Exercise goal: Nothing but the lines below from the one containing "Masai giraffe in" through the one containing "employee newsletters effective" should appear in the answer, exact and without pictures.

Records to process:
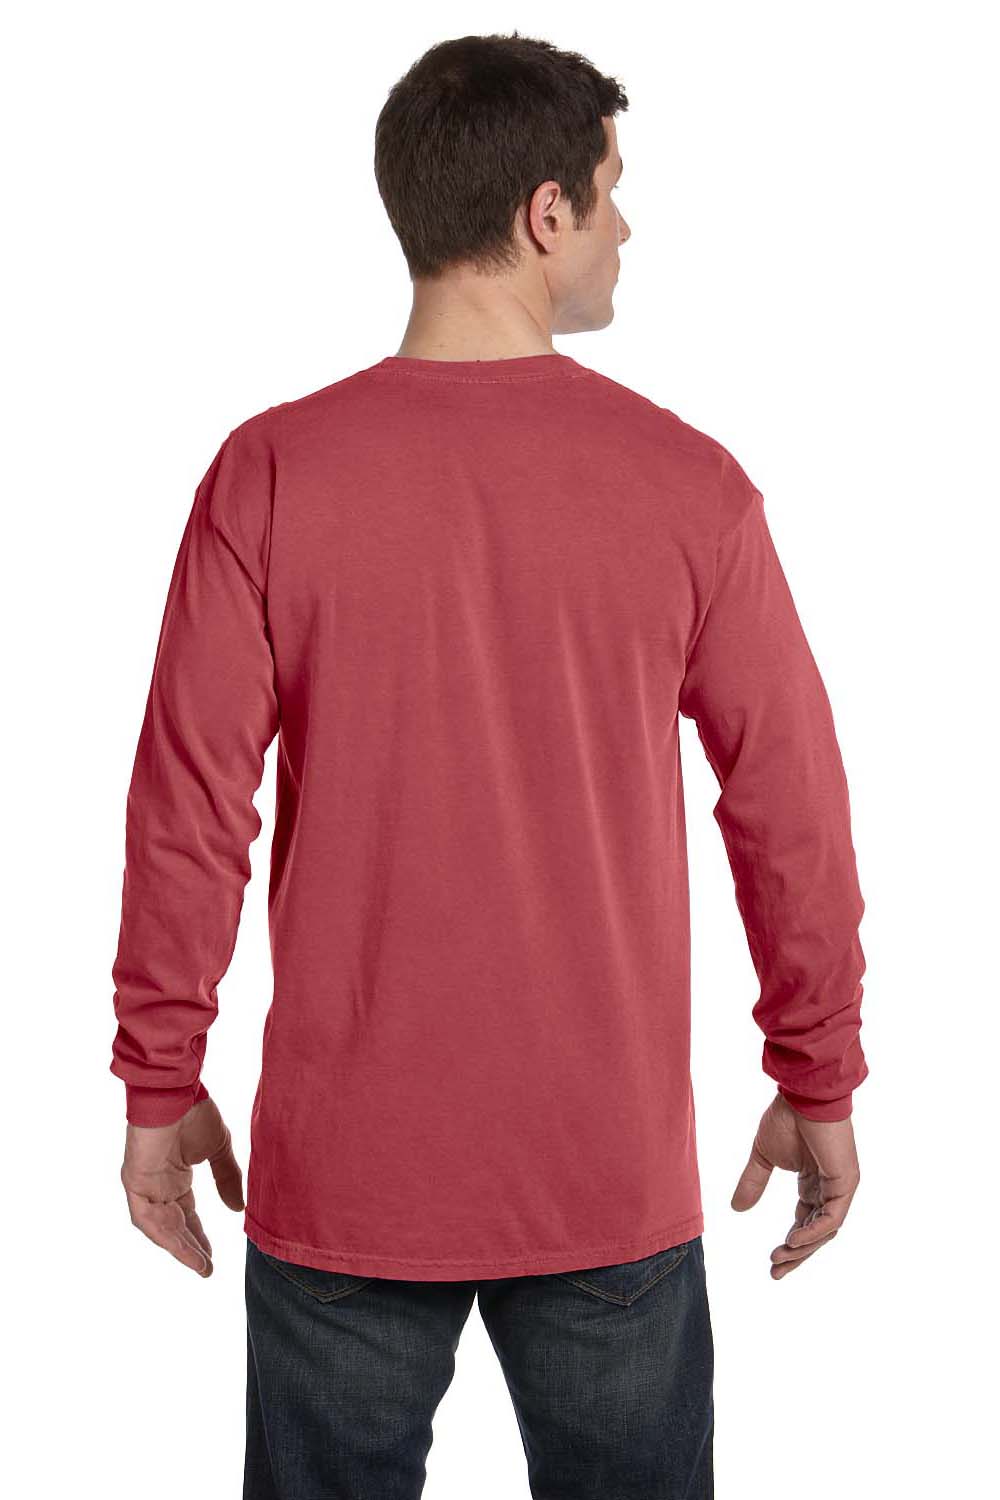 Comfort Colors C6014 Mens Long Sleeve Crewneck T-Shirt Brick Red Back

==

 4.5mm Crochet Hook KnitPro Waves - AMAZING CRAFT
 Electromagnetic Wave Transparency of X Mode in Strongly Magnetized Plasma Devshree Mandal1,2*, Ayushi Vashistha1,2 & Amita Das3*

--

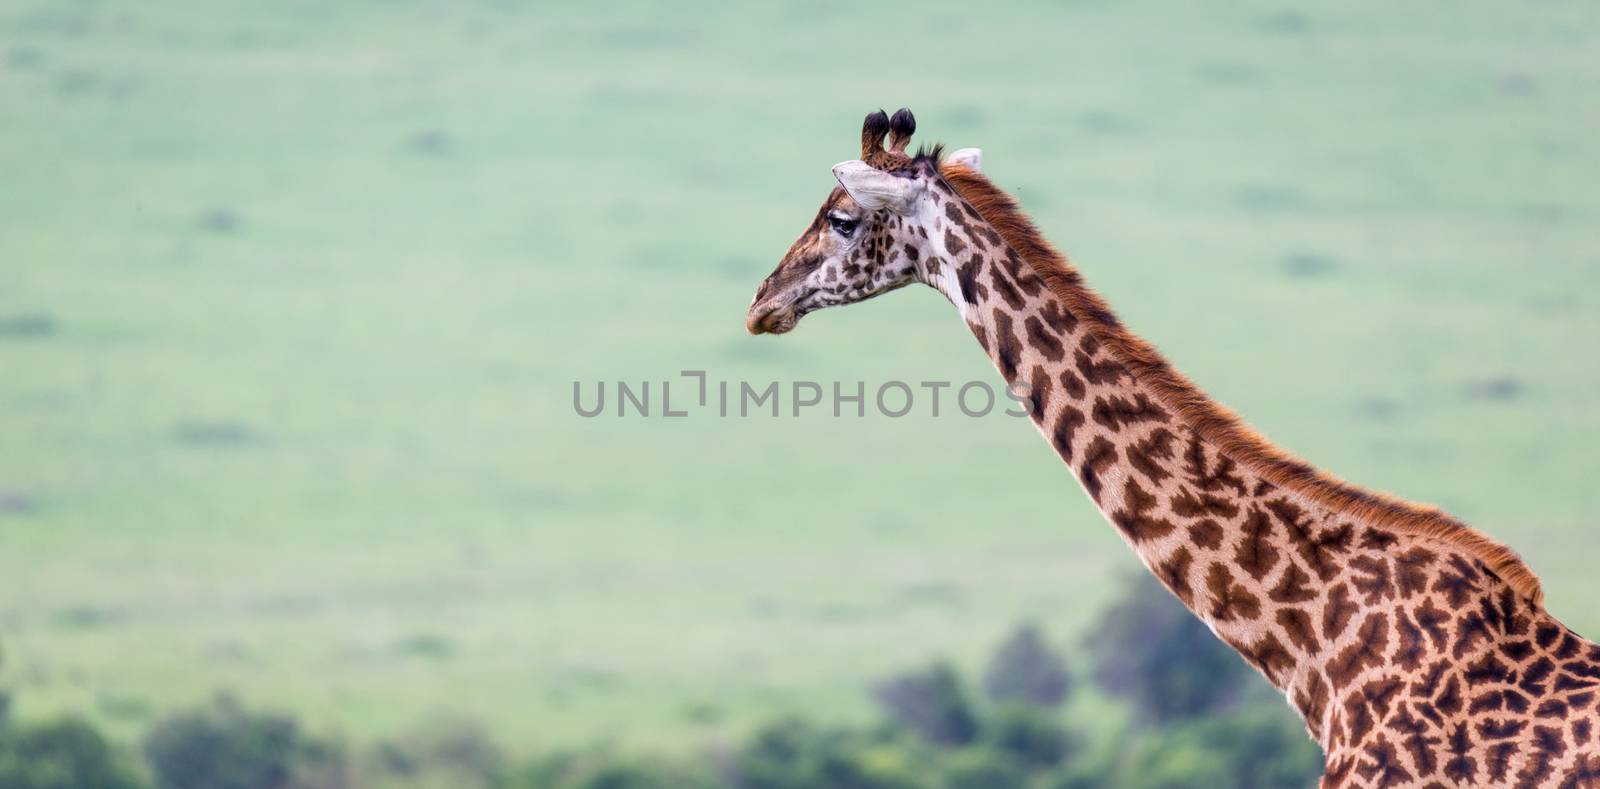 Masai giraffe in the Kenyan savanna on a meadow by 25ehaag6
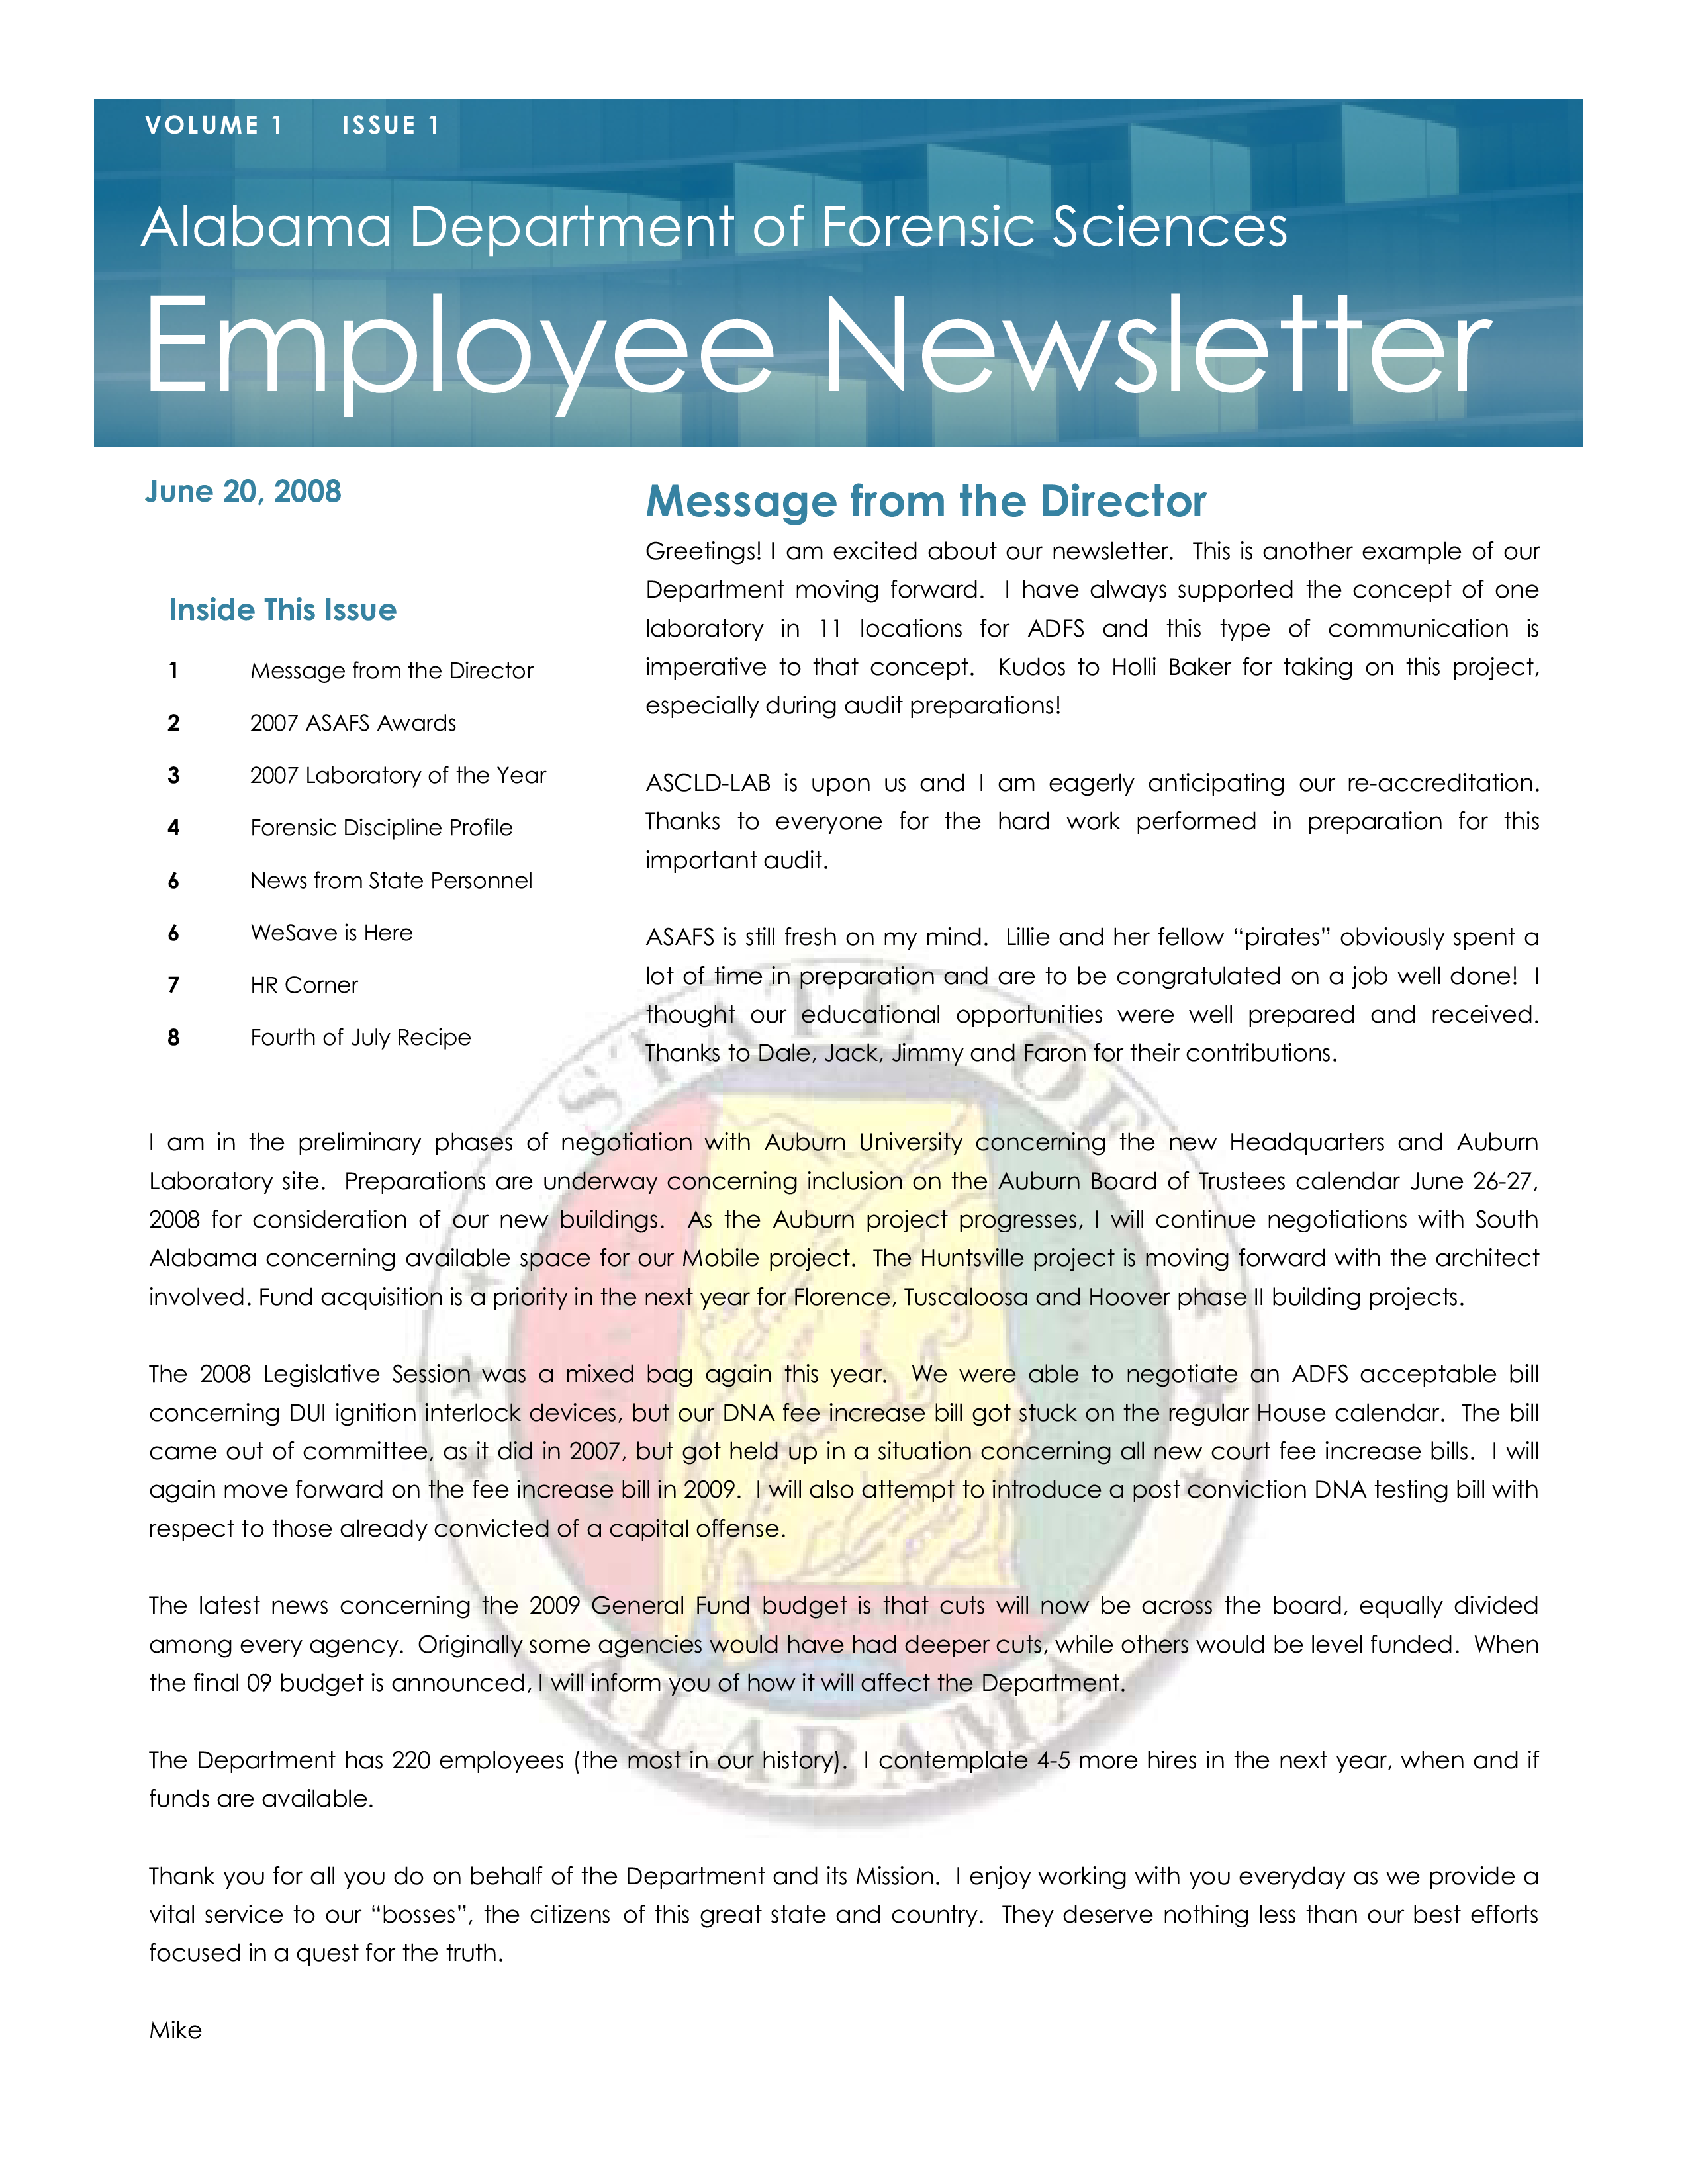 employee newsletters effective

Solved exercise:
 Masai giraffe in the Kenyan savanna on a meadow by 25ehaag6
 employee newsletters effective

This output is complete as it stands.